Task to complete — Report every line below that holds the word "Sèvres".

Input records —
.....

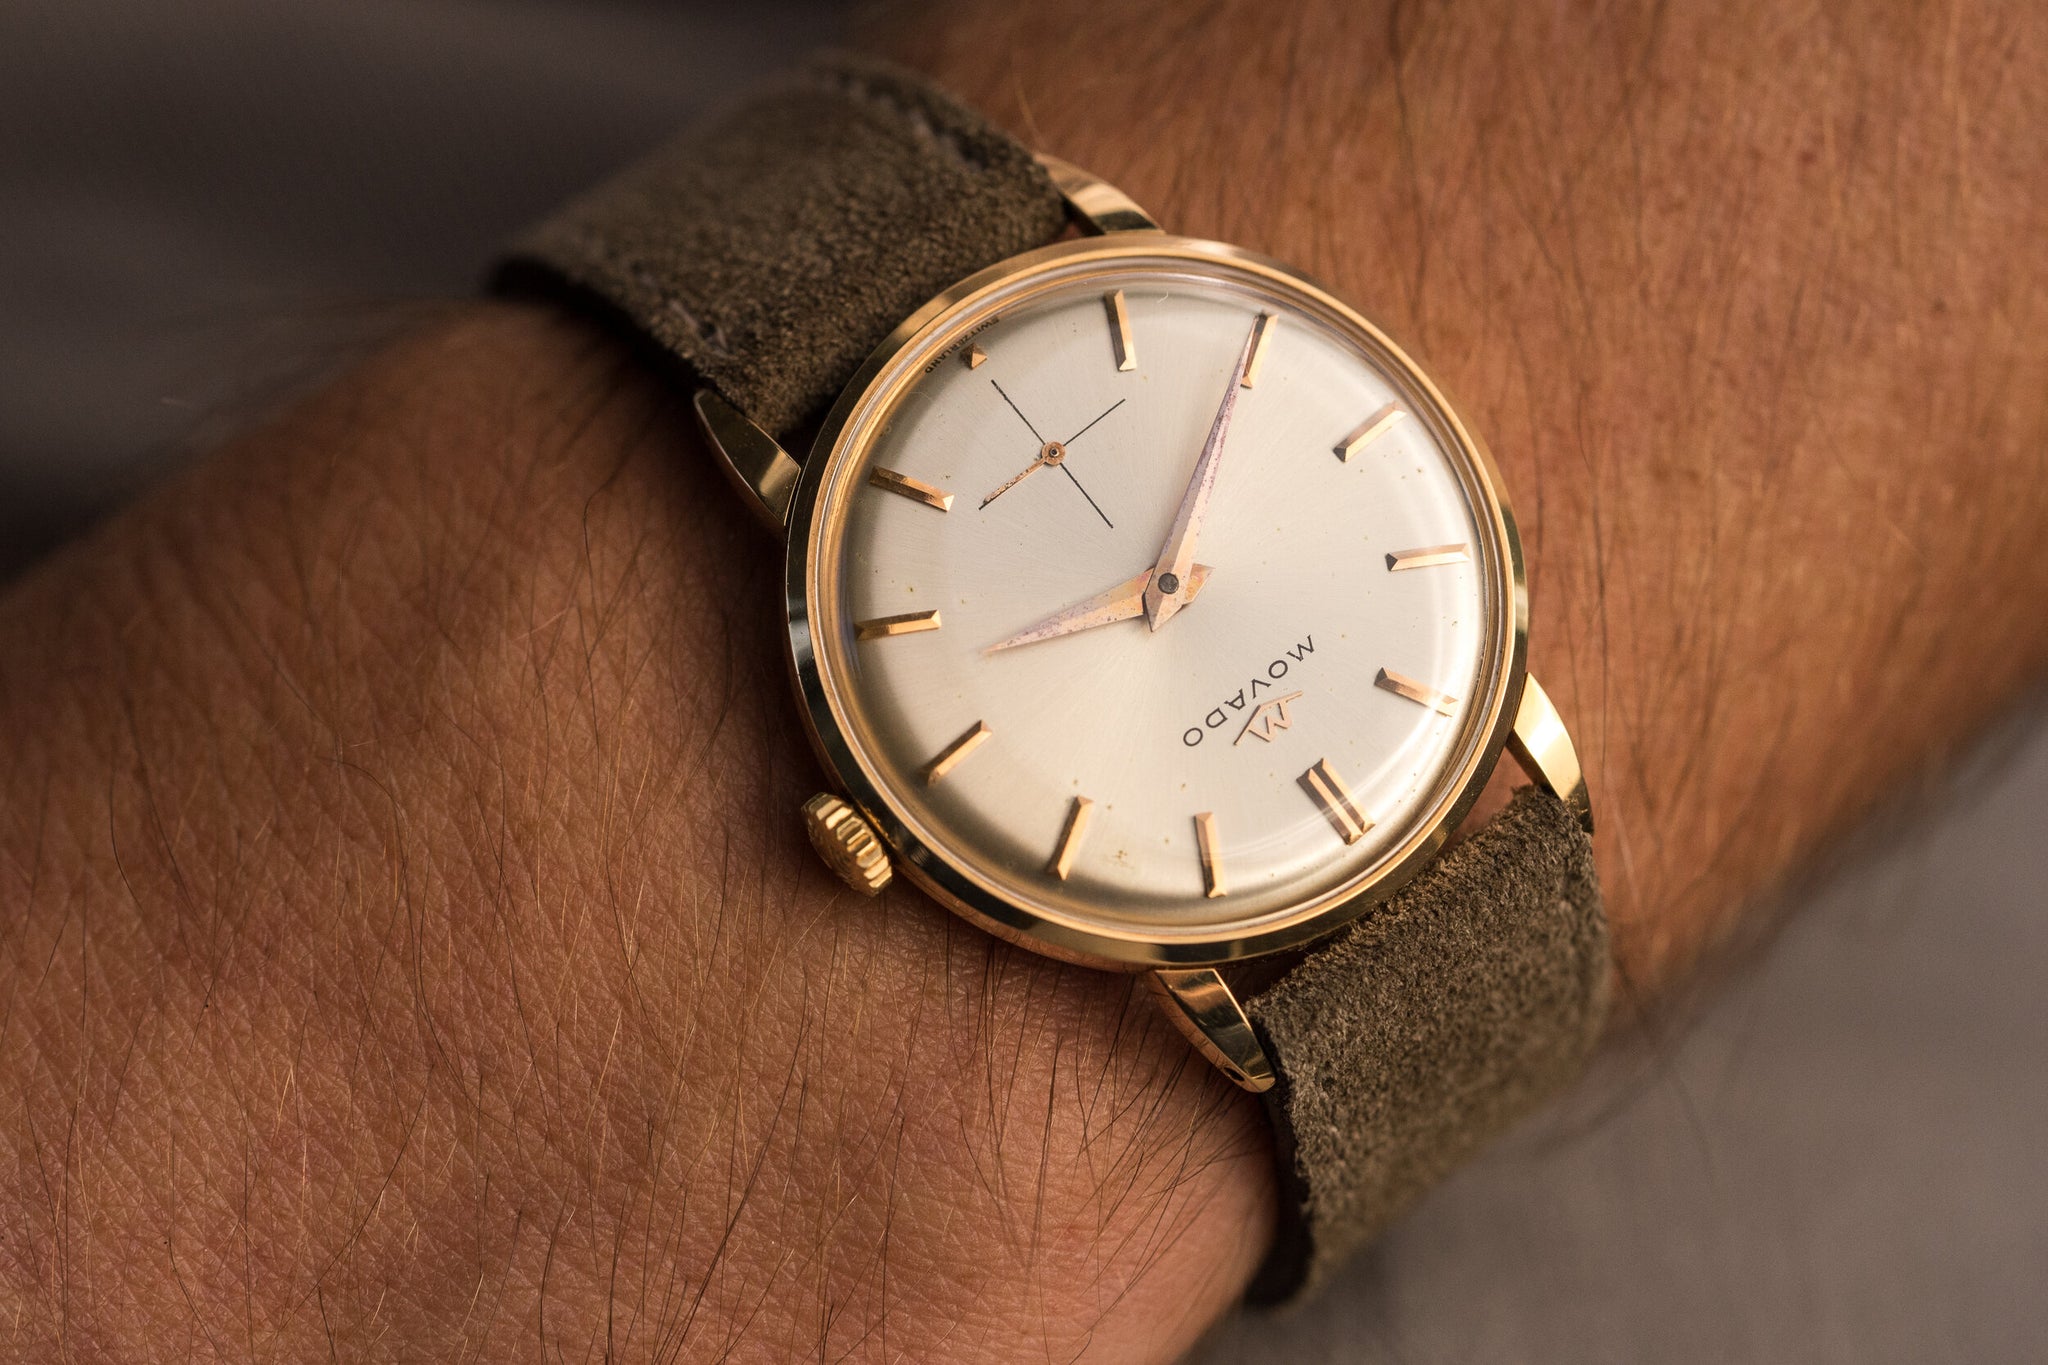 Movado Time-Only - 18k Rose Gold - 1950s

.....

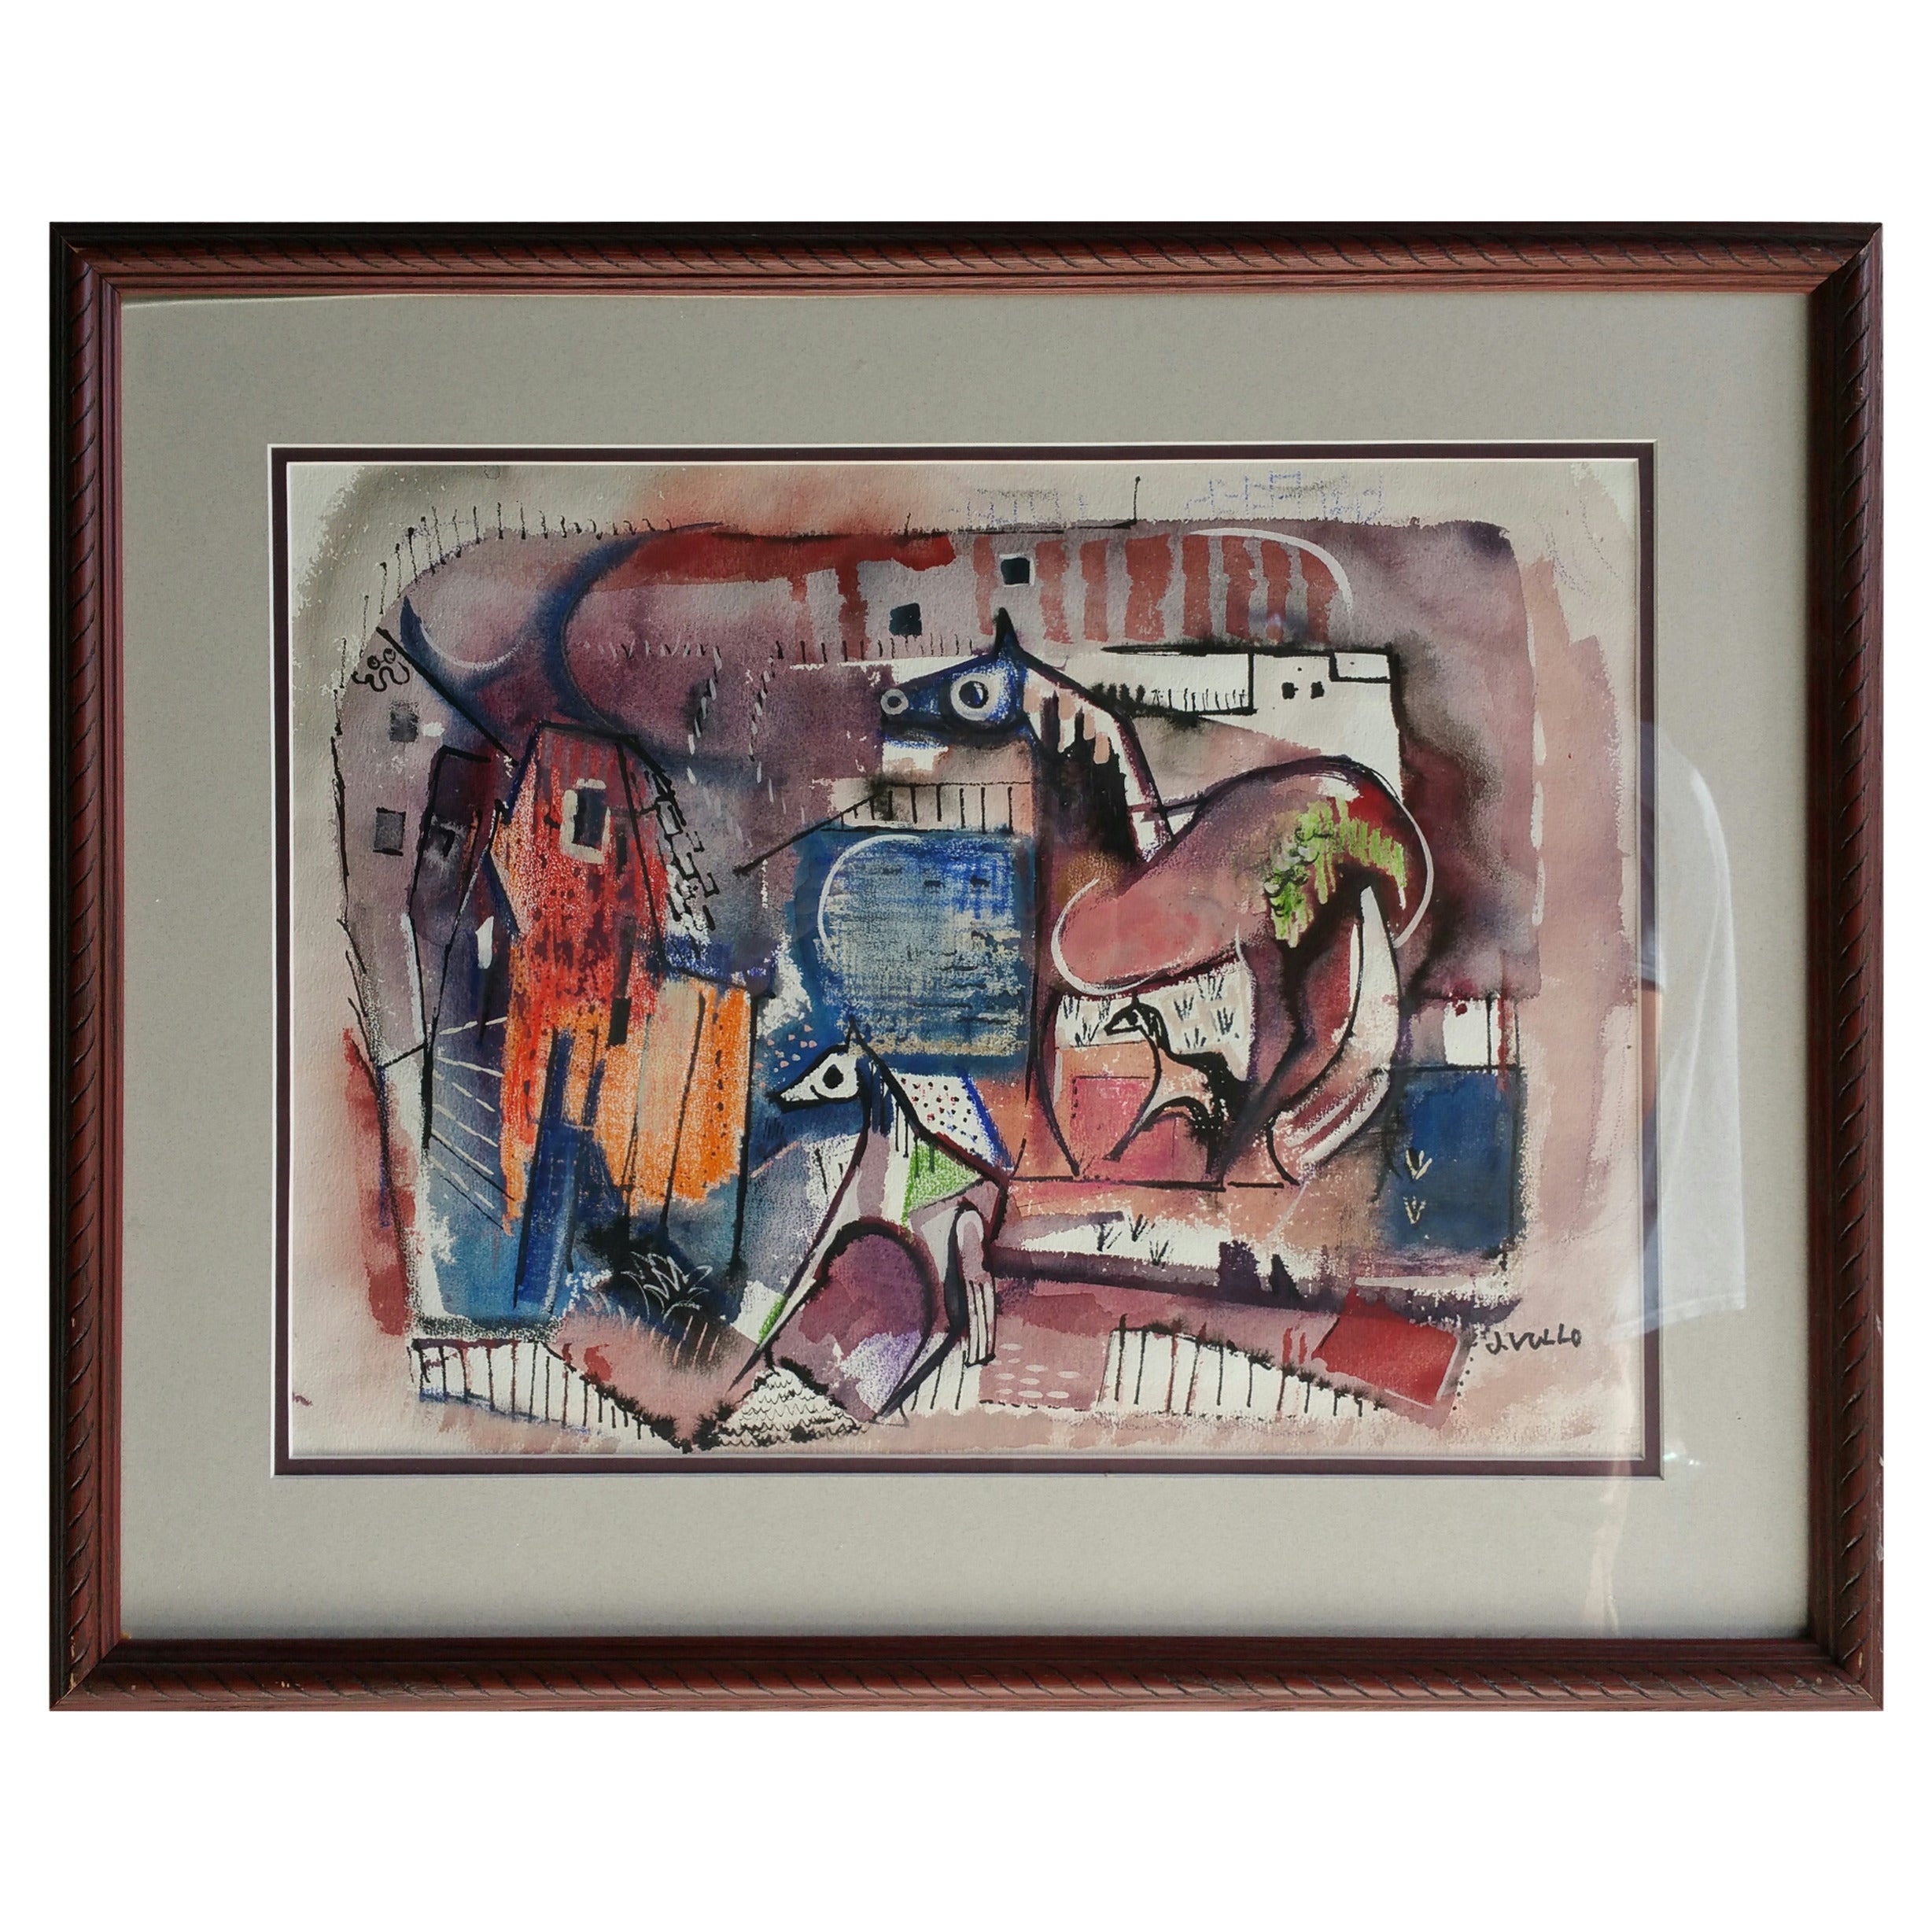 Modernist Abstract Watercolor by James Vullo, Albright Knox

.....

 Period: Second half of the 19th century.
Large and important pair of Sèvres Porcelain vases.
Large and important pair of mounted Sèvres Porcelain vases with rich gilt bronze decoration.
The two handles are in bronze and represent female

.....

Expected answer —
Large and important pair of Sèvres Porcelain vases.
Large and important pair of mounted Sèvres Porcelain vases with rich gilt bronze decoration.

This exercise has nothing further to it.